*Task to carry out*
Take the line with "Beautiful Pink Flowers" and every line after it, through the end of the listing, and give them again exactly, pictures excluded.

*Dataset extract*
※ ※ ※
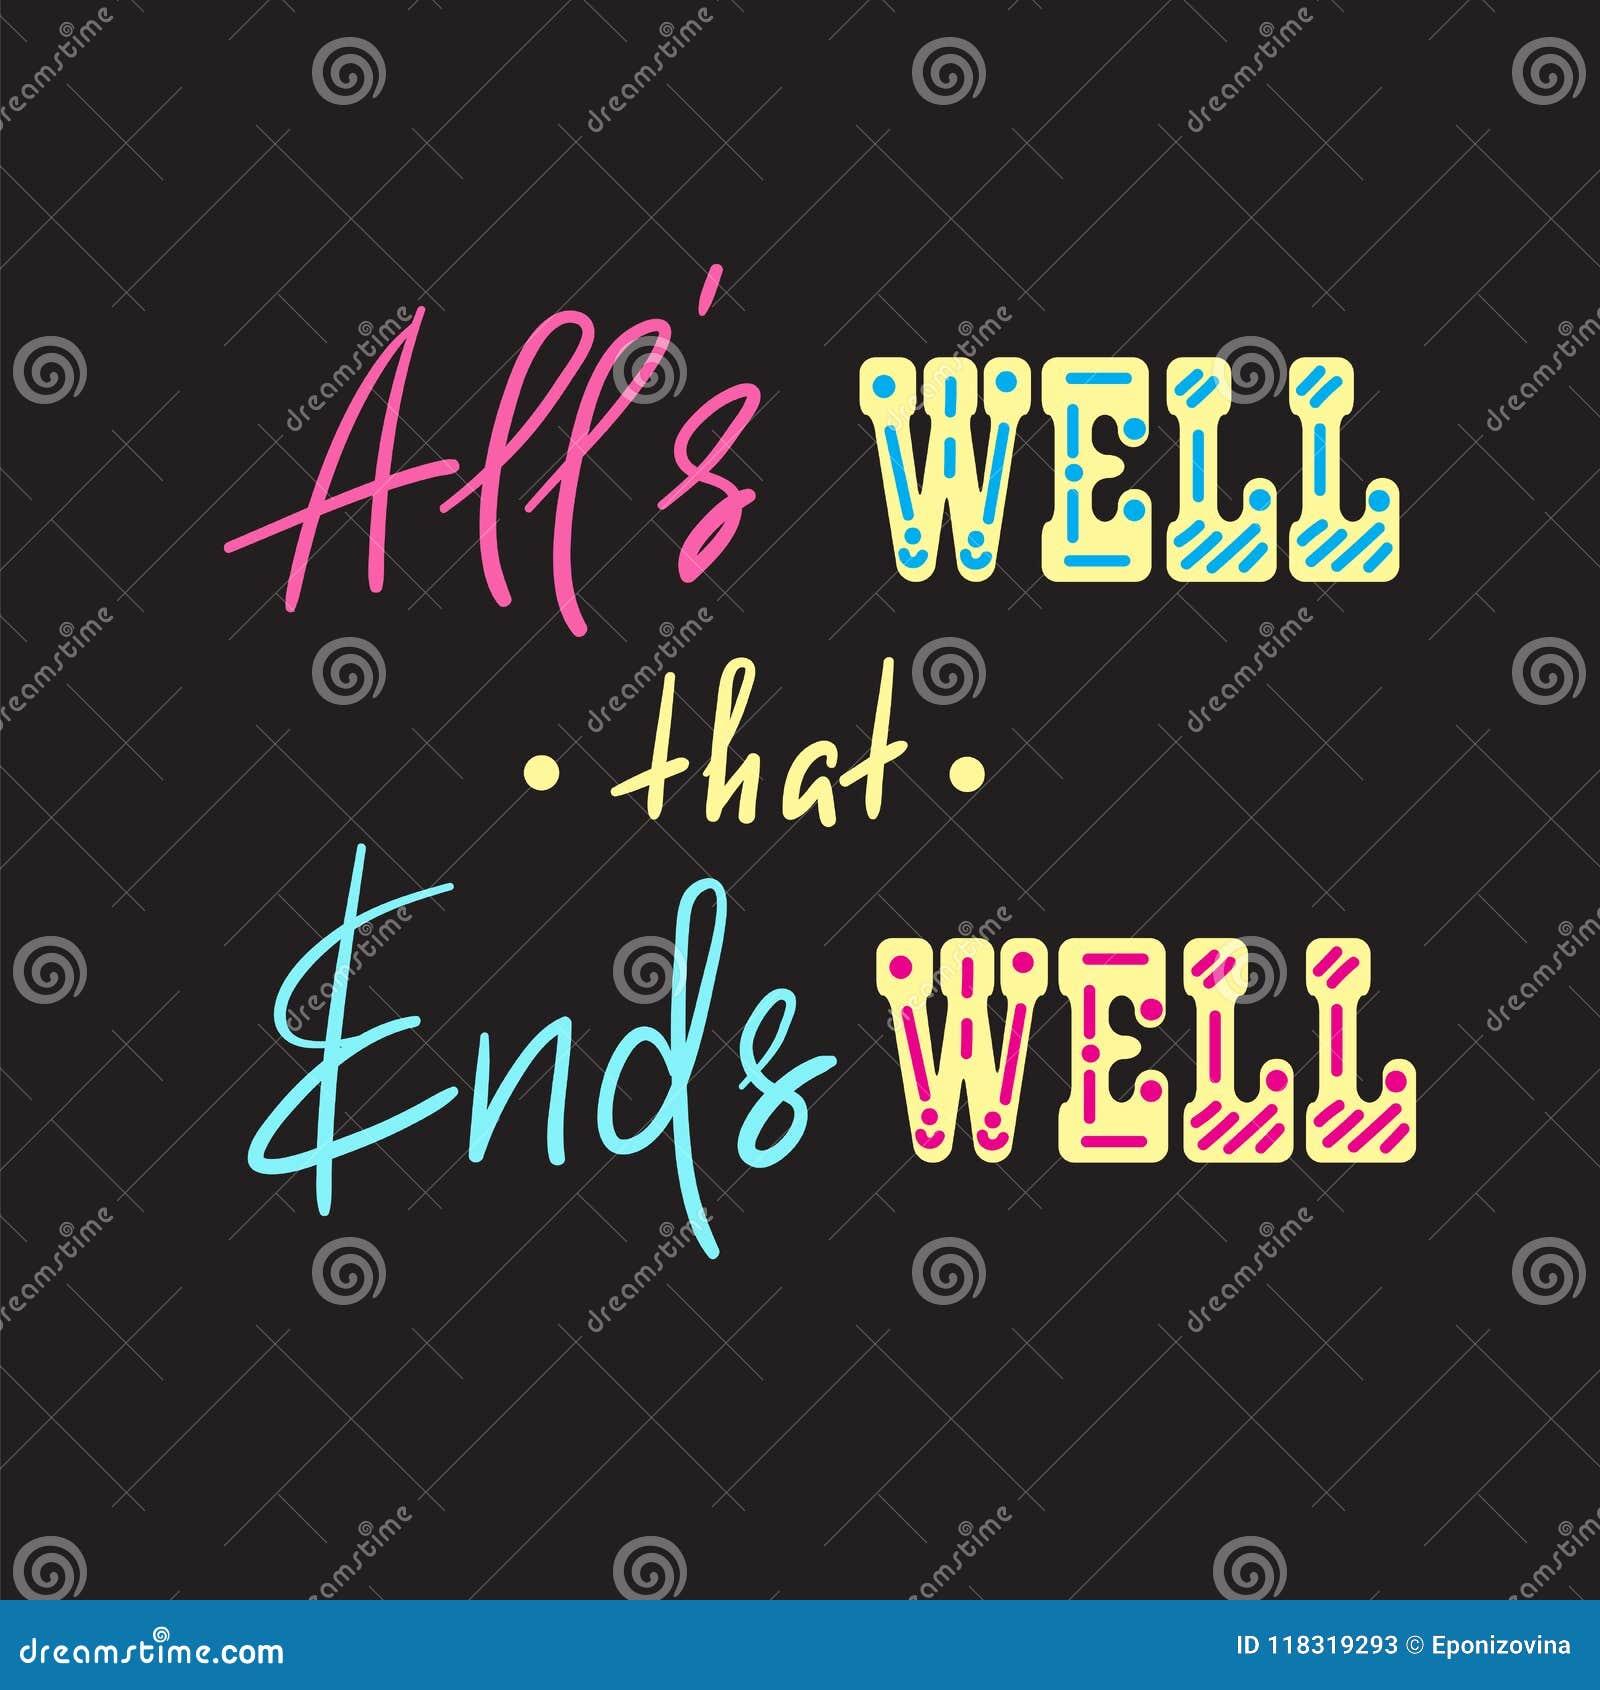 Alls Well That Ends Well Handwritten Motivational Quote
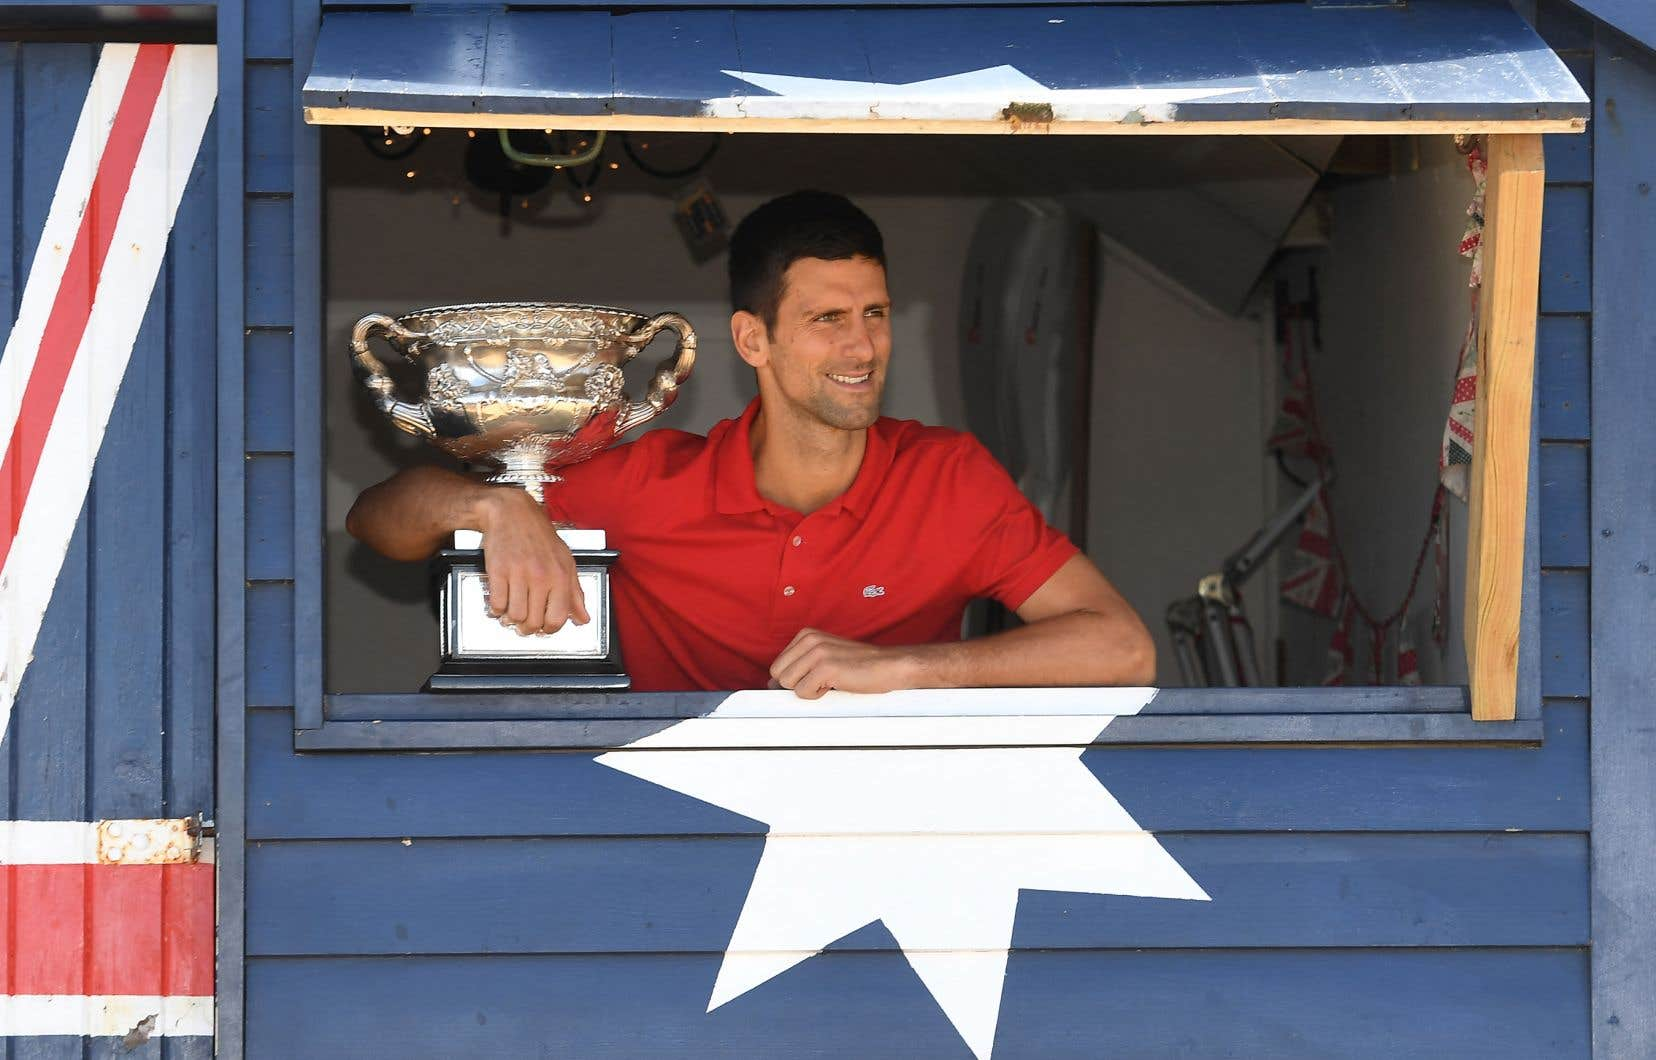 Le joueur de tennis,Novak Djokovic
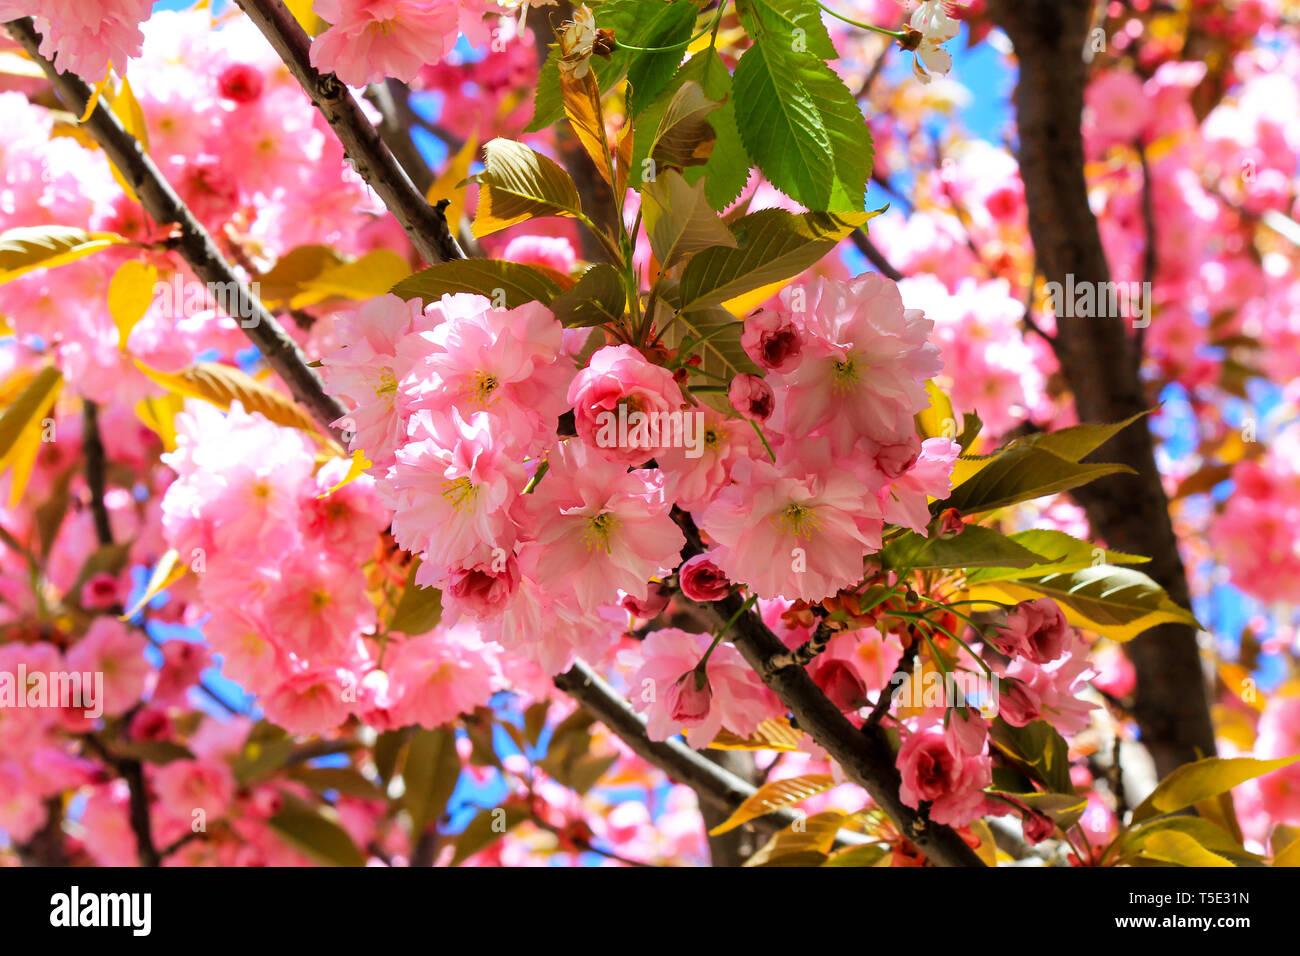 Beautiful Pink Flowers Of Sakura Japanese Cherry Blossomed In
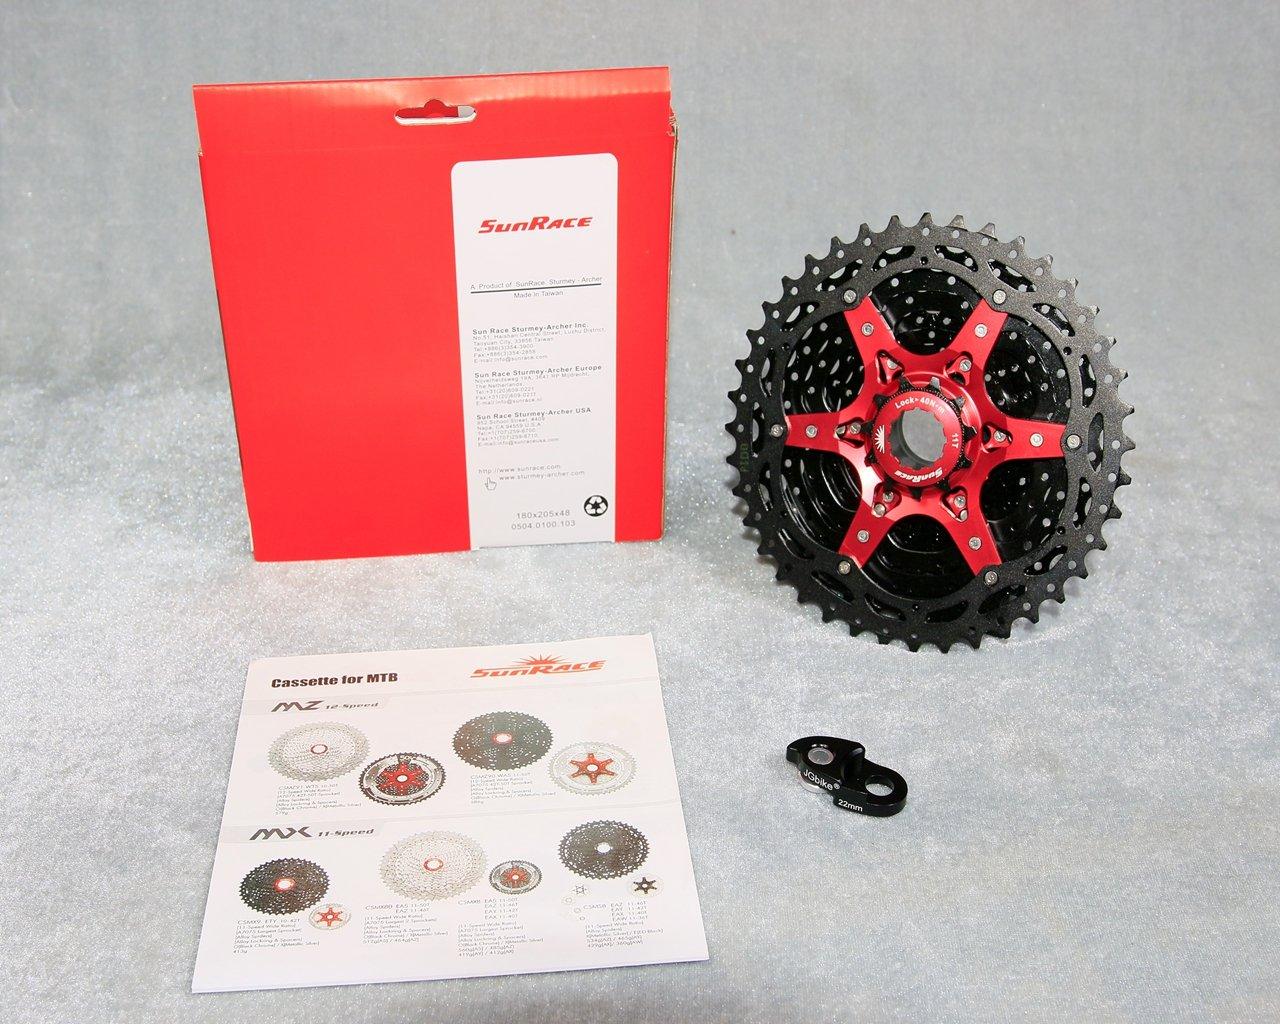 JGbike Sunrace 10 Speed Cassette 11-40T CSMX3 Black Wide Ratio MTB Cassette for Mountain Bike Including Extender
※ ※ ※
*Output for this exercise*
 Beautiful Pink Flowers Of Sakura Japanese Cherry Blossomed In
 JGbike Sunrace 10 Speed Cassette 11-40T CSMX3 Black Wide Ratio MTB Cassette for Mountain Bike Including Extender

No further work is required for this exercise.